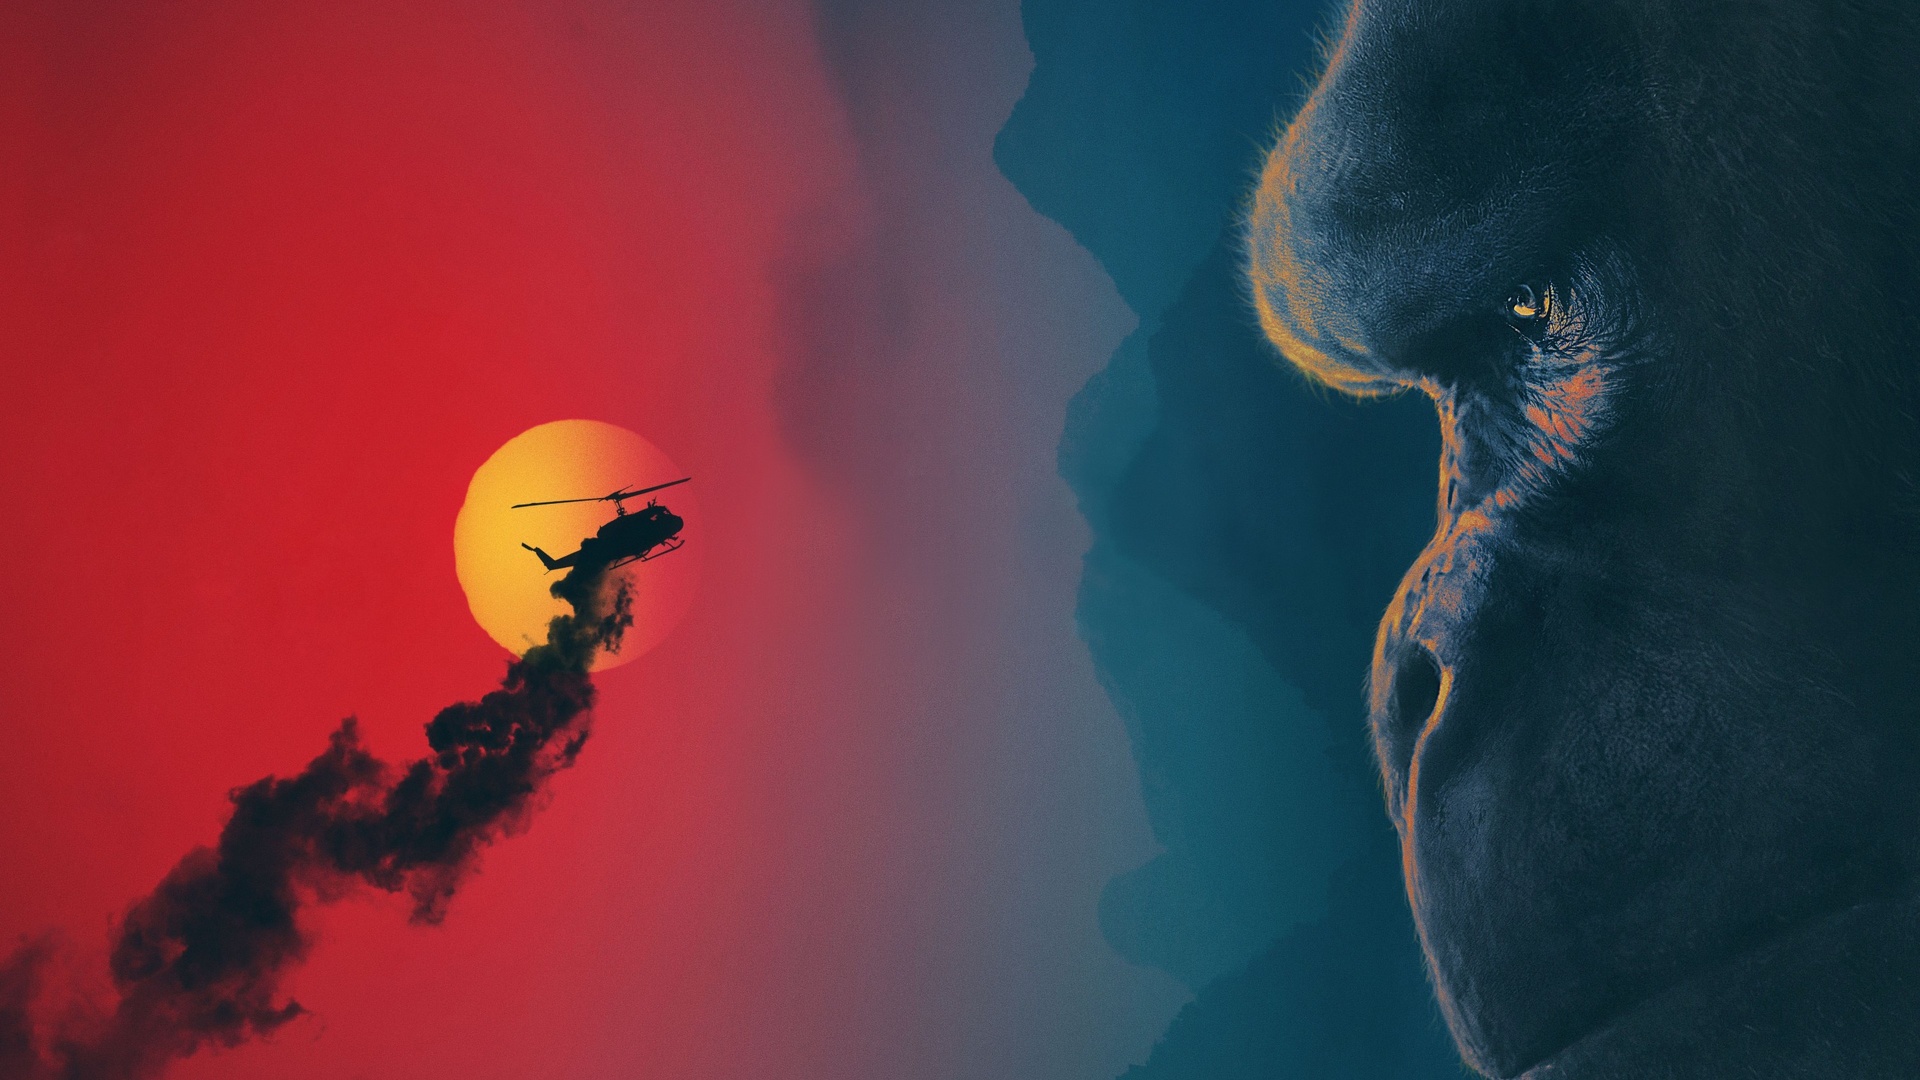 Kong - fond d'écran.jpg
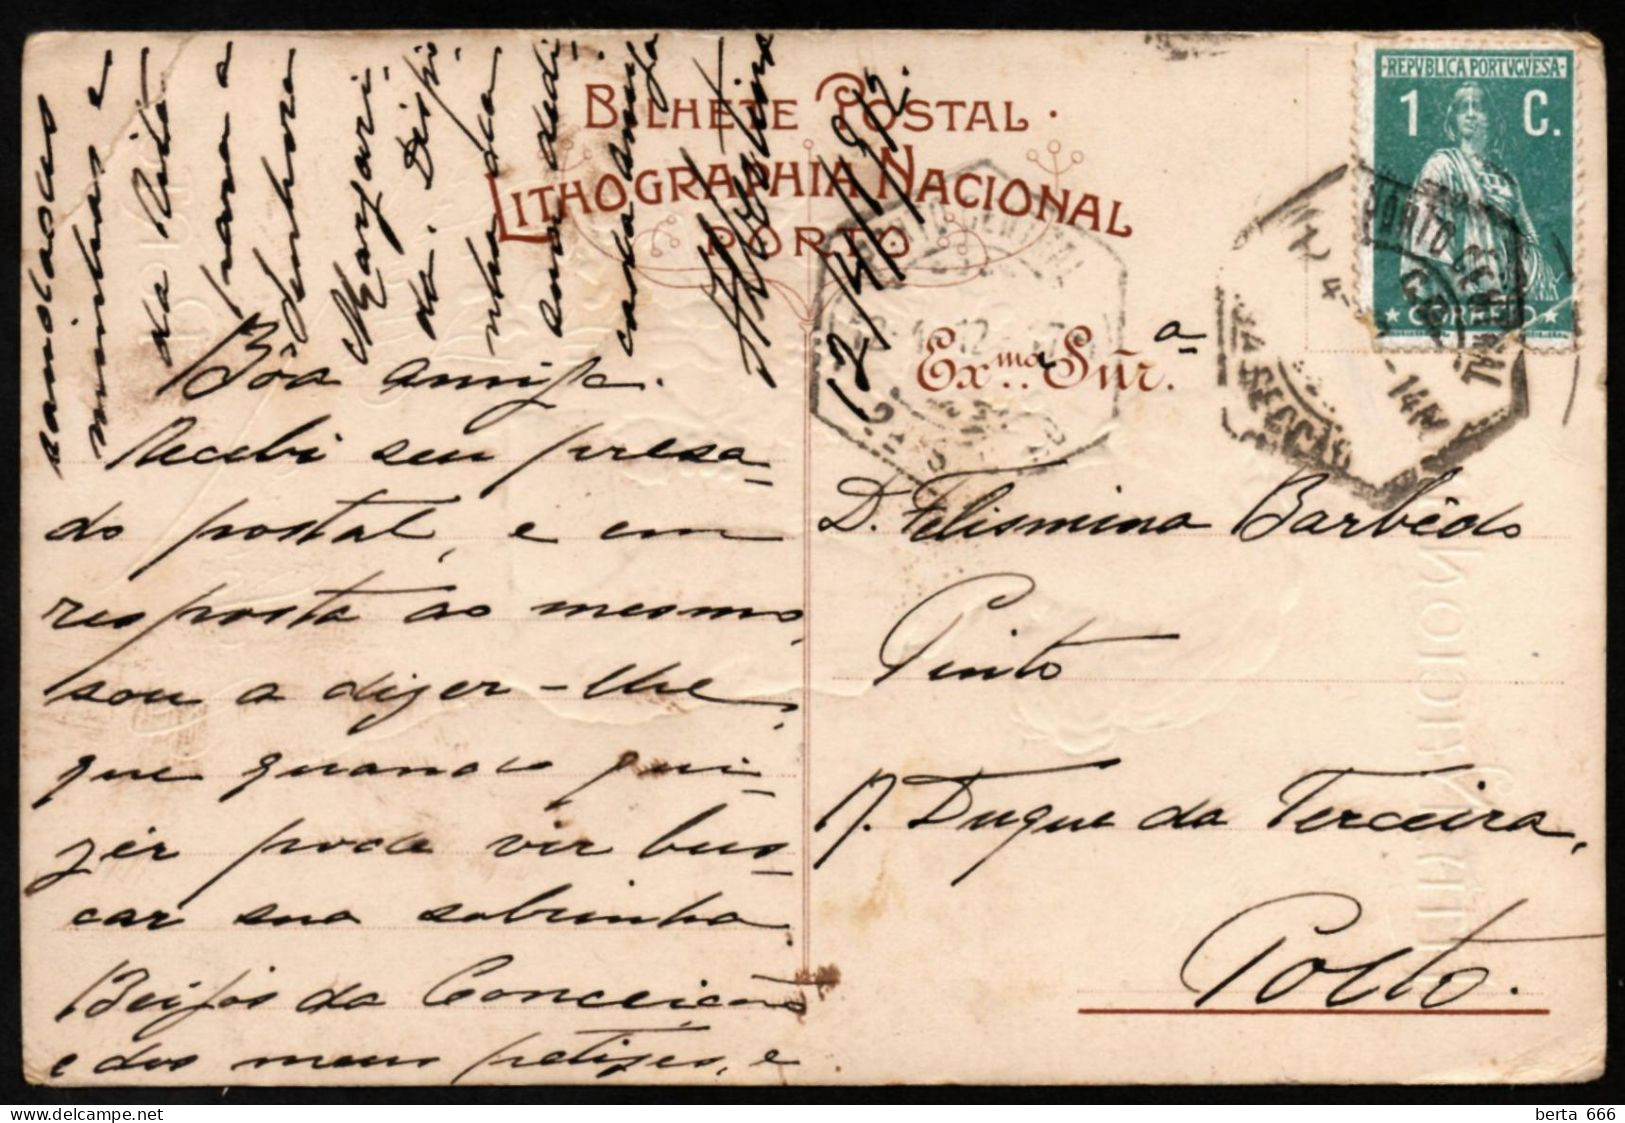 Bilhete Postal Publicitário Com Relevo * Litografia Nacional * Porto * Circulado 1912 - Porto
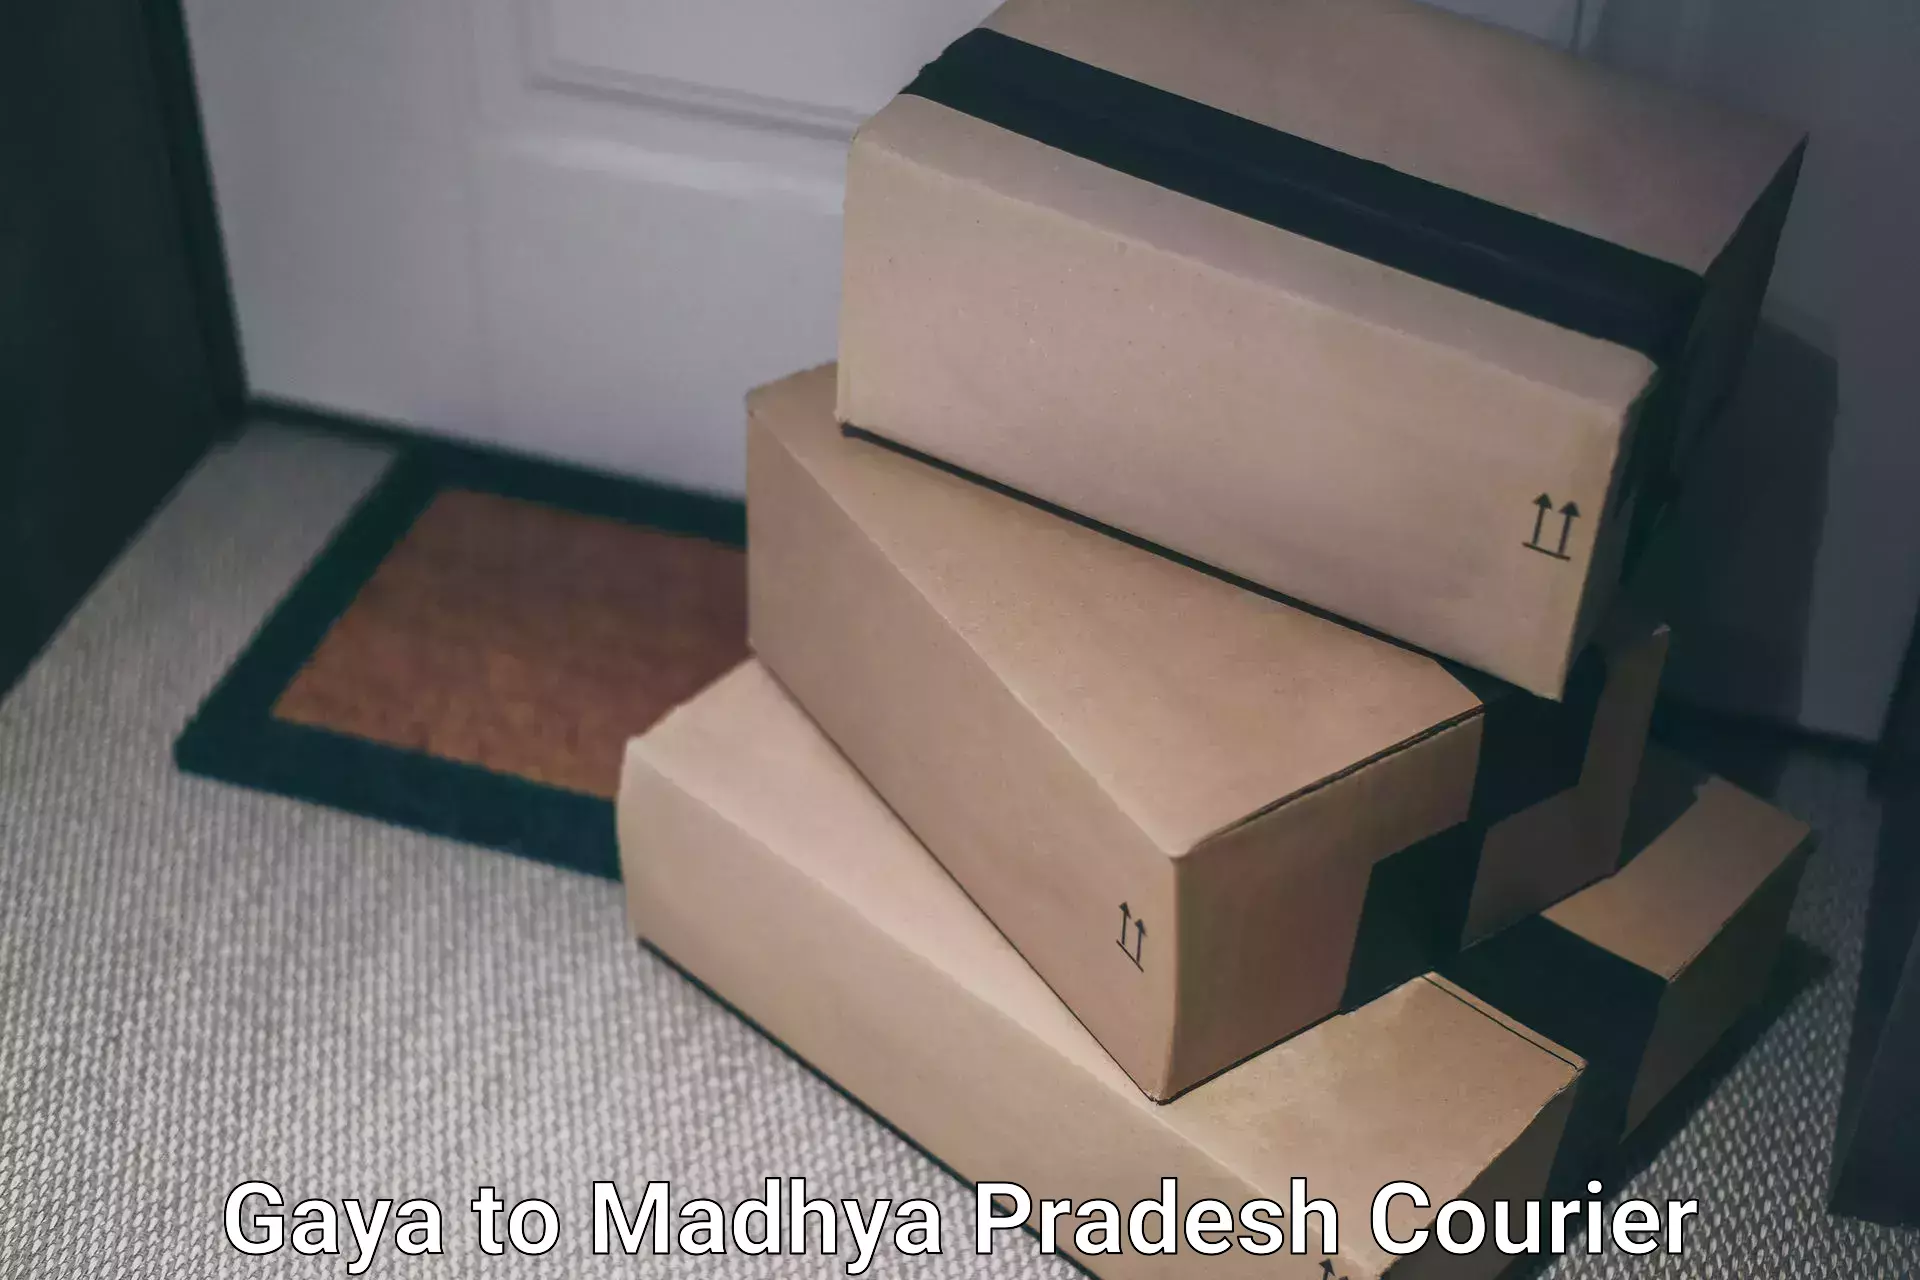 Same-day delivery options Gaya to Niwari

== TASK STATEMENT ==
Write the full listing out again with every line unchanged, but include no pictures.

== WRITTEN RESPONSE ==
 Kong - fond d'écran.jpg
 Bilhete Postal Publicitário Com Relevo * Litografia Nacional * Porto * Circulado 1912 - Porto
 Same-day delivery options Gaya to Niwari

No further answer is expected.